Из Базеля в Берлин езды более семи часов, и нужно в самом деле любить железную дорогу, чтобы настолько неразумное перемещение могло приносить удовольствие. Я один из тех, кто любит железную дорогу. Я изо всех сил изображаю, что мне это нравится, эта нелогично растянутая в пространстве потеря времени. С ней что-то нужно делать. В ней можно скрыться и успокоиться. Можно читать, можно с головой погрузиться в книгу, семь часов — это роман страниц на 200 или даже 250, зависит от автора. Можно ловить отблески авторских слов, но при этом смотреть в книгу и порой за окно и думать о своем.
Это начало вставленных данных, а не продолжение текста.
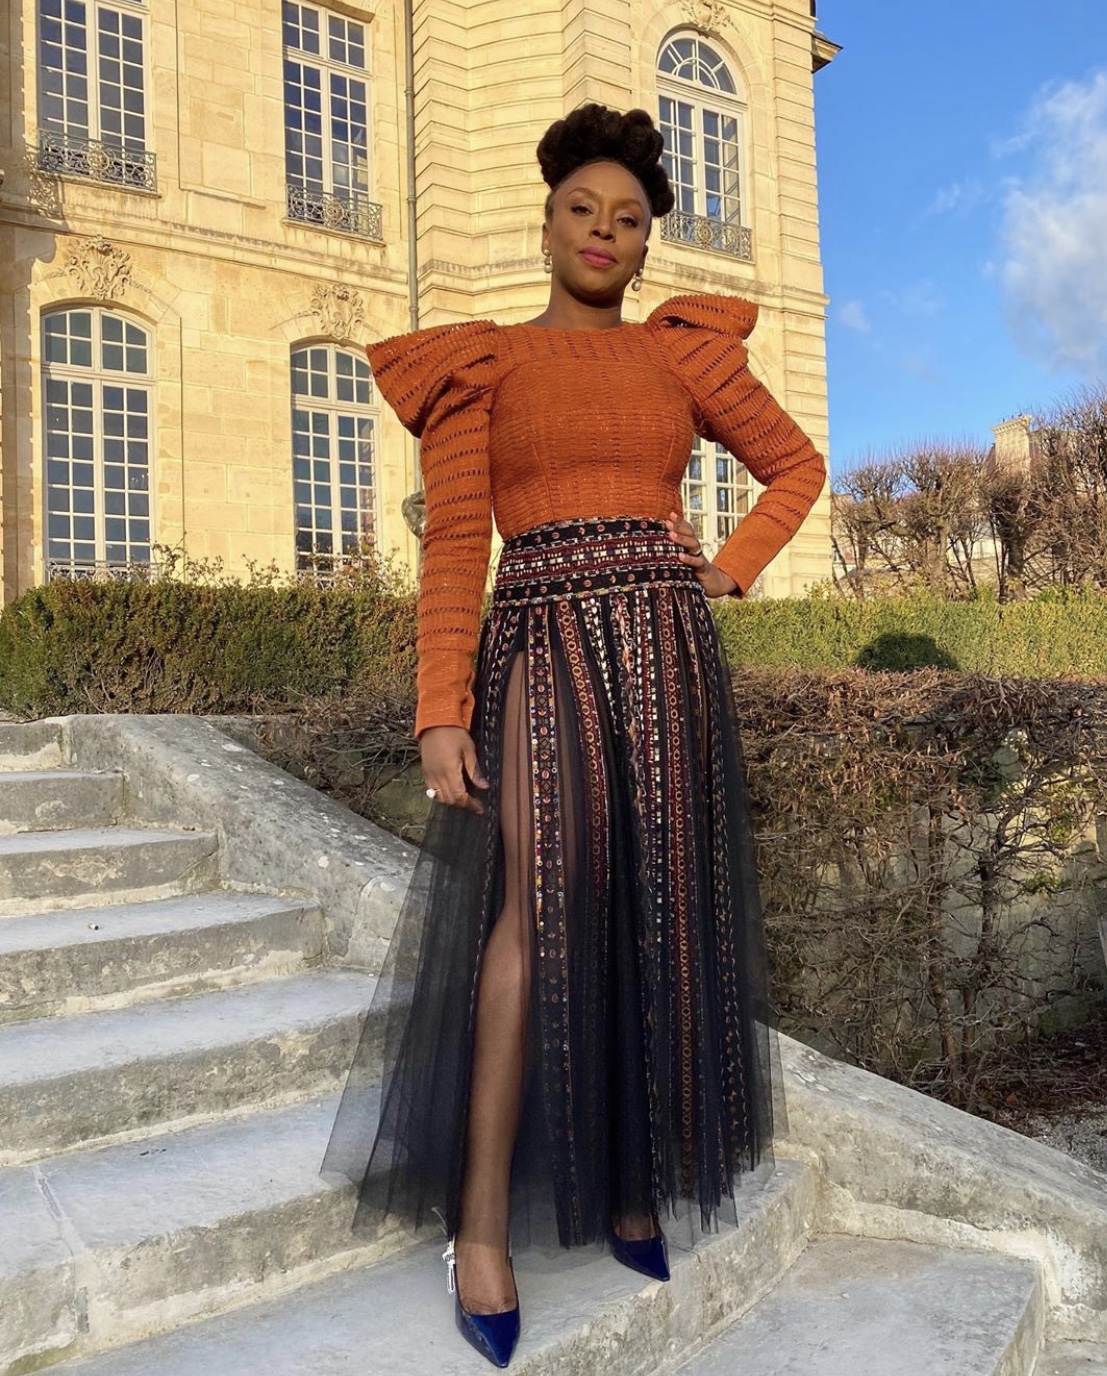 Chimamanda-Adichie-birthday-outfits

В поезде из Базеля в Берлин можно думать о — прошу прощения — Европе. Например, о цюрихском вокзале, где я пересаживался на Базель (дополнительный час путешествия). Мы еще только прибывали, в вагонном коридоре столпилось полно пассажиров, торопящихся к выходу. Мимо нас все медленнее проплывал перрон, а на нем стояло все больше полицейских. Они стояли парами и порой тройками — вдоль всего перрона, к которому мы прибывали, эдакая цепь. Я даже не успел задуматься, зачем они здесь. Мне даже не представилось, что все они сейчас войдут в этот поезд и отправятся на нем дальше — на какое-то там общешвейцарское совещание полицейских, где им будут вручать именные почетные грамоты, именные пистолеты и, конечно же, именные швейцарские часы. Я даже не смог этого предположить, хоть подсознательно удивился: почему их аж столько?
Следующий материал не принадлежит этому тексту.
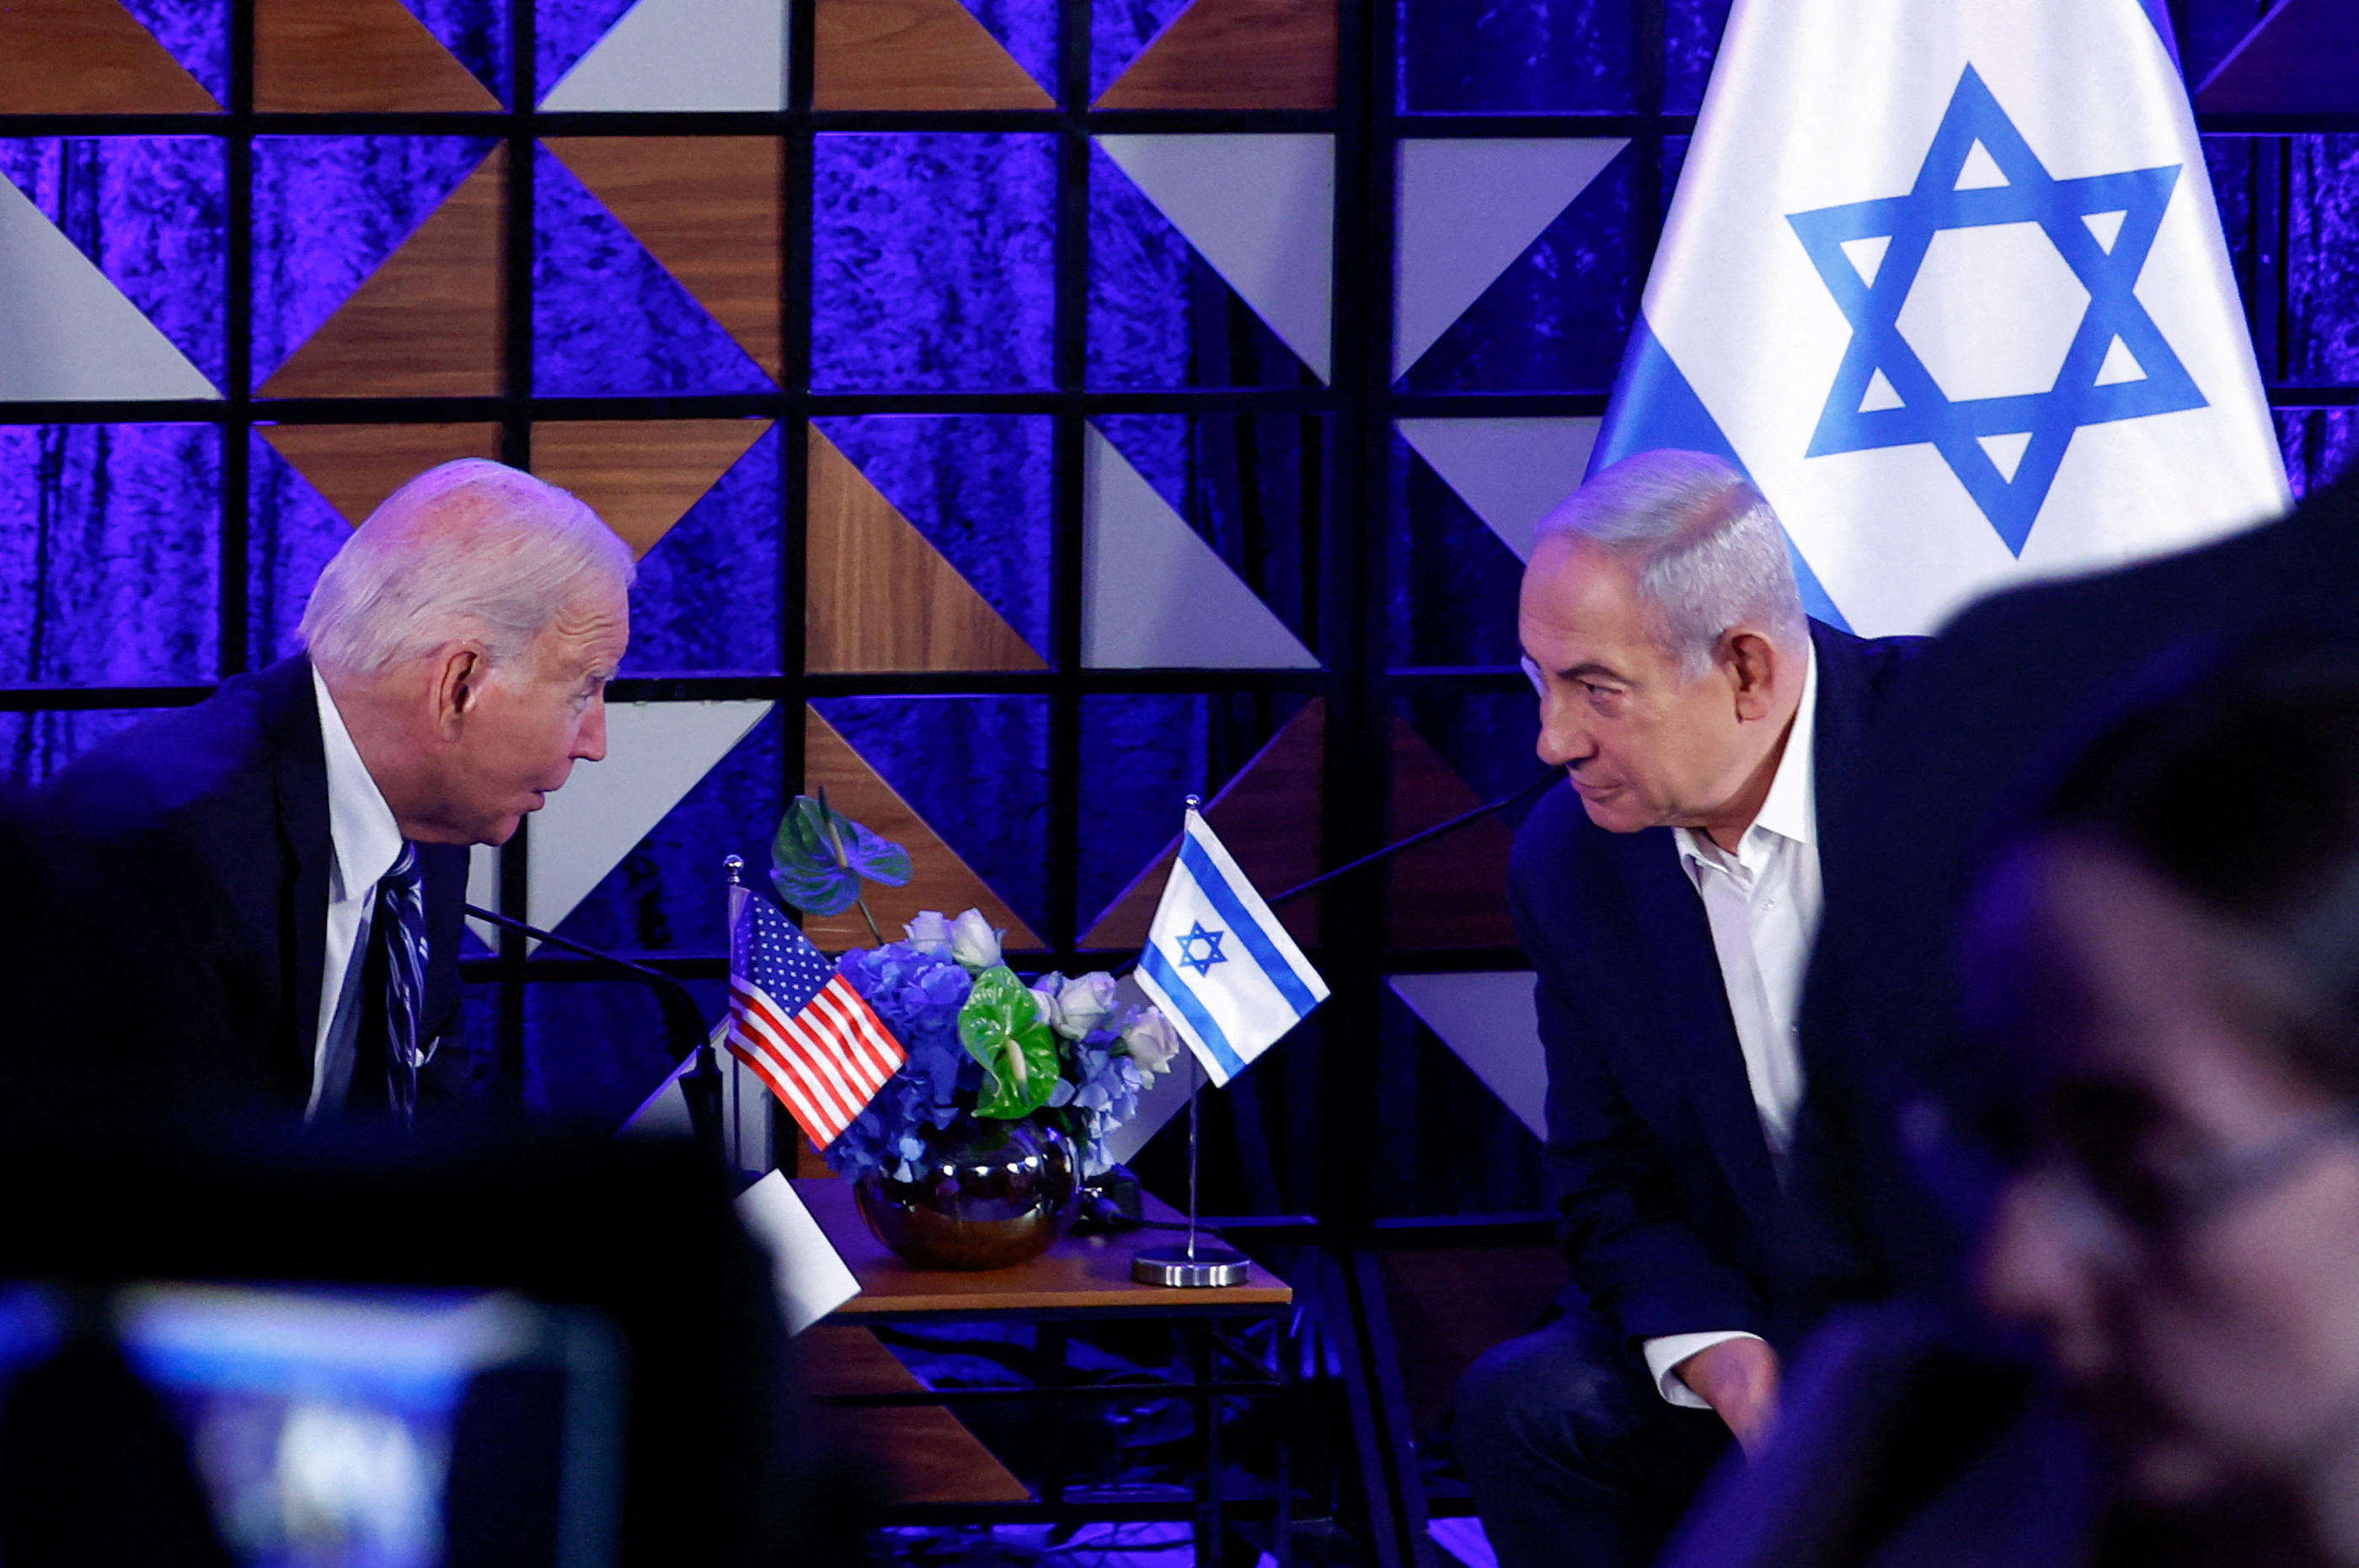 Joe Biden martèle depuis plusieurs semaines son opposition à une offensive israélienne à Rafah, à laquelle Benyamin Netanyahou ne semble pas prêt à renoncer. (Illustration) Reuters/Evelyn Hockstein

Потом я шел по перрону к подземному переходу и все видел: из каждого вагона вываливали по одному-двое рослых негров с громадными сумками, и всех их тут же задерживали расставленные вдоль перрона полицейские. Итак, это была спецоперация. Они, негры, все заранее продумали и, чтобы не привлекать ничьего внимания, разбившись по одному-двое, ехали в разных вагонах. Они ехали группой, но попытались это скрыть, поскольку, наверное, имели на то основания. Наверное, какие-то бумаги у них не в порядке или что-то другое не так. Двадцать пять рослых негров с громадными сумками в одном вагоне — это слишком заметно. Но оказалось, что даже если их двое в одном вагоне — это тоже заметно. И кто-то из бдительных пассажиров успел предупредить полицию — например, SMS-кой. А может, в каждом вагоне ехало по одному чувствительному пассажиру. И каждый из них предупредил полицию Цюриха о двух рослых неграх в своем вагоне.
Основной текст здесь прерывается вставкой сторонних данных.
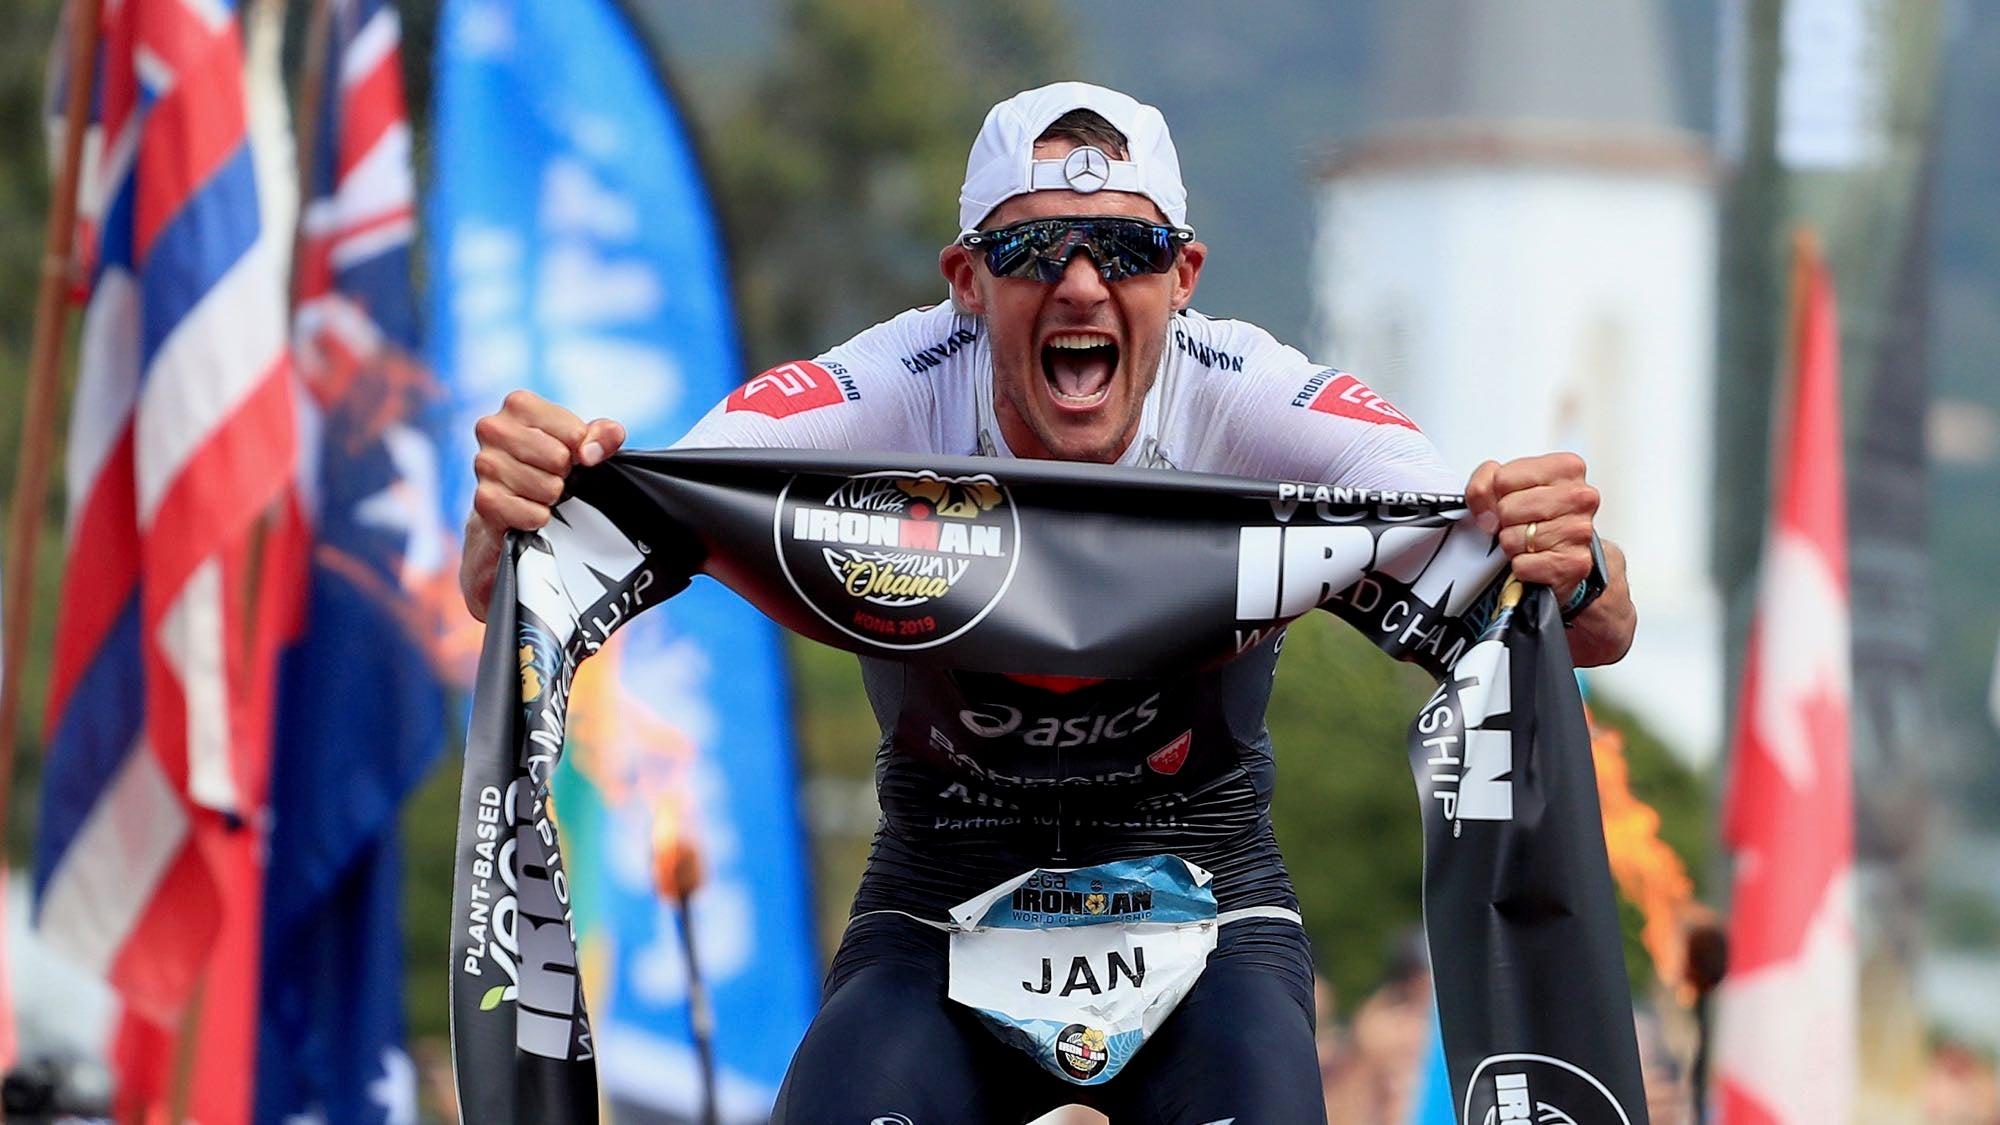 Jan Frodeno celebrates after winning 2019 Ironman World Championship

У меня не было времени присматриваться к развитию ситуации. До отхода моего следующего поезда — на Базель — оставалось три минуты, а мне нужно было перебежать с восьмого перрона на 15-й. Мне совершенно ничего не известно о судьбе этих нескольких десятков негров, задержанных полицией на перроне вокзала в Цюрихе. Быть может, я даже подсознательно обрадовался в тот миг, что не являлся негром, ведь меня тоже бы задержали и начали проверять мои бумаги. Они у меня были в порядке, но поезда на
15-м перроне я бы лишился. Хорошо быть белым, нет, просто замечательно — быть в Европе белым. У меня даже не было времени самого себя пристыдить за эту подсознательную радость.
Зато в поезде из Базеля в Берлин у меня было достаточно времени, чтобы понять: в той сцене на цюрихском вокзале речь прежде всего шла о границах. Европа, которую положено считать Старым Светом, на самом деле была и остается самым молодым из континентов. Она до сих пор формируется. Она до сих пор не знает, где ее границы, где она начинается и где заканчивается. С остальными все ясно — с Африкой, Америкой и Австралией все яснее ясного, даже с
Азией все ясно. А вот с Европой — нет. Она эластична словно сказочная варежка. Ее границы настолько не определены, что их все время хочется нарушать. На этот раз одна из ее границ проходила по восьмому перрону цюрихского вокзала.
Европа — это такая географическая амеба, которая все время меняет очертания. Местами она уже больше африканская, чем сама Африка. И если она откажется становиться турецкой, то мало ей не покажется. Ее границы повсюду и нигде вместе с тем. Нам просто грех не воспользоваться такой ее «безграничностью». При этом нам выпадает особо почетная миссия — доказать Европе, что она значительно больше, чем сама себя представляет. Приобщить ее к думанью о себе иначе. К иному пониманию себя и чем она в конце концов является. И этим самым, быть может, спасти ее. Или, по крайней мере, спасти всех тех, кого снова караулят с облавами на всевозможных перронах.